Мочевой пузырь лопается, лопается огромный мочевой пузырь в центре моей вселенной, и вагон пустеет, а может и целый поезд пустеет, потому что никто не хочет ехать в одном составе со странным, посягающим на красоту чуваком.
Я спрыгиваю с верхней боковушки, нахожу свои кеды, кое-как надеваю их, используя указательные пальцы (потому что обувной ложки нет). Подушечки пальцев теперь красные и пахнут сопревшими носками, а я иду в туалет. Я открываю его дверь. Там, на полу лежит мой отец. У него проблемы со спиной, он так лечит спину, лежа на твердой ровной поверхности. Он берет меня своими огромными руками и поднимает прямо над собой, а потом ставит себе на грудь. Я говорю ему, что хочу писать. От напряжения я не слышу, что он отвечает, но вижу, как его губы и усы над ними шевелятся, а потом он сладко улыбается. Он рад иметь ребенка. Ему слегка за тридцать, у него есть работа, жена, ребенок и телевизор. Он рад, а потому улыбается, мой отец. Я снова говорю ему, что хочу писать. Я очень боюсь, что мой мочевой пузырь лопнет. Но этого я не говорю. Папа, говорю я (а может и тоже не говорю), я сейчас написаю тебе в рот, у меня нет иного выхода (а может и есть), я не вижу здесь других отверстий, а я знаю (во всяком случае мне кажется, что знаю), что писать нужно в отверстия, папа, отпусти меня в туалет (или отпусти меня обратно туда, откуда я пришел). Папа улыбается. Он думает, что я веду такую забавную игру. Он считает это шуткой. И я писаю ему в рот. Потому что я не играл.
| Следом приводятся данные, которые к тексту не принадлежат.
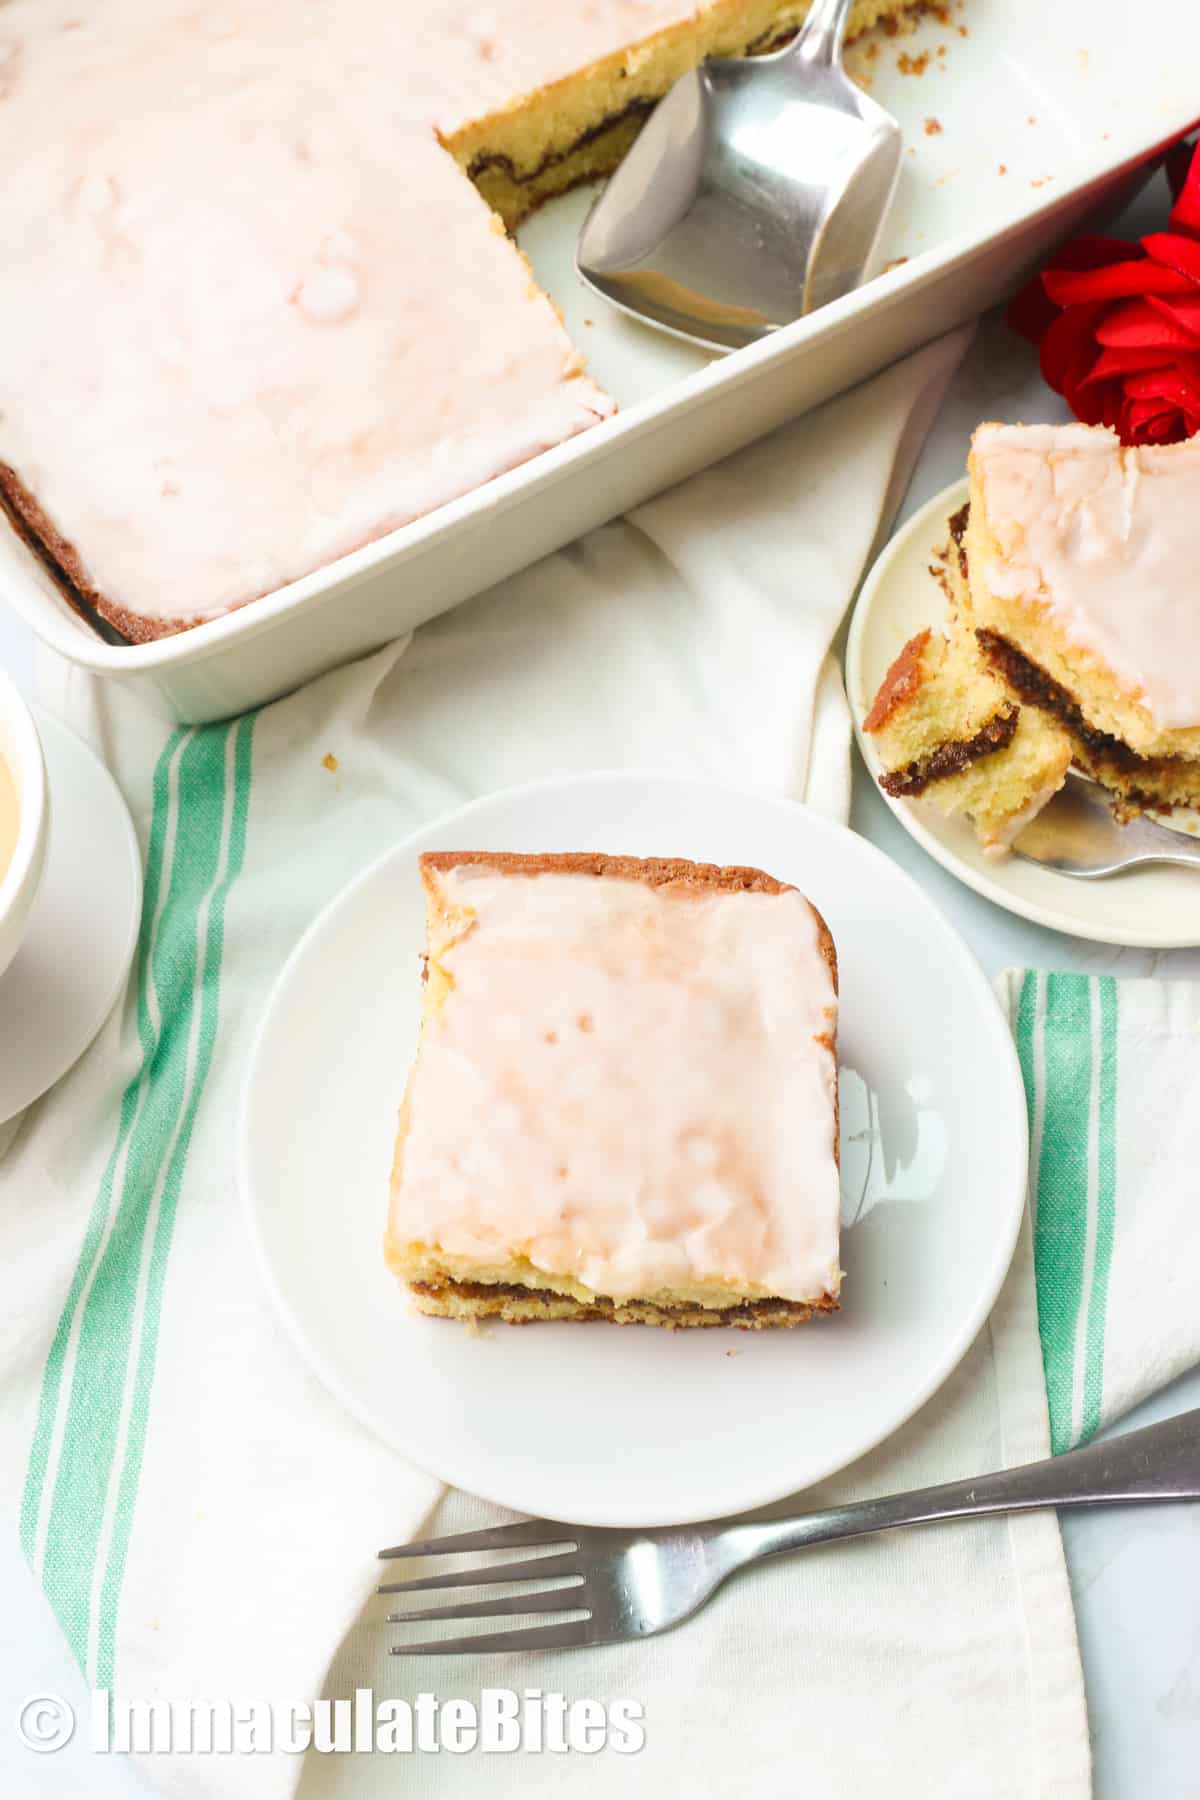 Enjoy a decadent slice of honey bun cake

Я нажимаю на кнопку слива, и биотуалет с приятным звеняще-шипящим звуком засасывает все нечистоты куда-то в свои внутренности. Я мою руки. Я выхожу из туалета. Вагон все еще (или был всегда) совершенно пуст. Поезд неторопливо останавливается. За окнами серое отсутствующее небо. Я смотрю в окна слева, смотрю в окна справа – нигде нет надвигающегося перрона. Я иду к купе проводника. Чуть раньше, чем я до него дохожу, его дверь сдвигается вбок, и из его нутра показывается милая, лет тридцати пяти девушка. Сейчас я вижу только левую часть ее лица, но вот она поворачивает голову, и я вижу все лицо целиком, после чего уже не могу назвать ее милой так искренне, как за мгновение до этого. На правой щеке в ложбинке рядом с носовой пазухой у нее огромная черная волосатая родинка. Ее диаметр не меньше двух сантиметров. Черные плотные волосы расходятся от самого ее центра и часть их достигает носа, а часть даже доходит до плоских, ощутимо несимметричных относительно вертикальной оси лица губ. Проводница криво улыбается мне и говорит: «Конечная». Я передаю ей свое натужное спасибо, собирая в кулак всю волю, чтобы случайно не показать ей своего отношения к ее внешности. Ее улыбка разливается по всему лицу, стремительно пересекая тонкую грань, которая отделяет сладкое от приторного. Я как можно быстрее спускаюсь по порожкам совсем остановившегося поезда. Мне кажется, что вокруг снежное поле: ничего не видно, все бело-серое. Но не холодно и не ветрено. Когда я касаюсь ногами земли, то, что казалось снегом оказывается чем-то мягким и теплым и еще довольно упругим. Я трогаю это рукой. И правда, будто резиновое. Поезд тут же отходит. Я смотрю ему вслед. Замечаю в окне своего бывшего вагона свою бывшую проводницу. Она машет мне рукой. Я отворачиваюсь.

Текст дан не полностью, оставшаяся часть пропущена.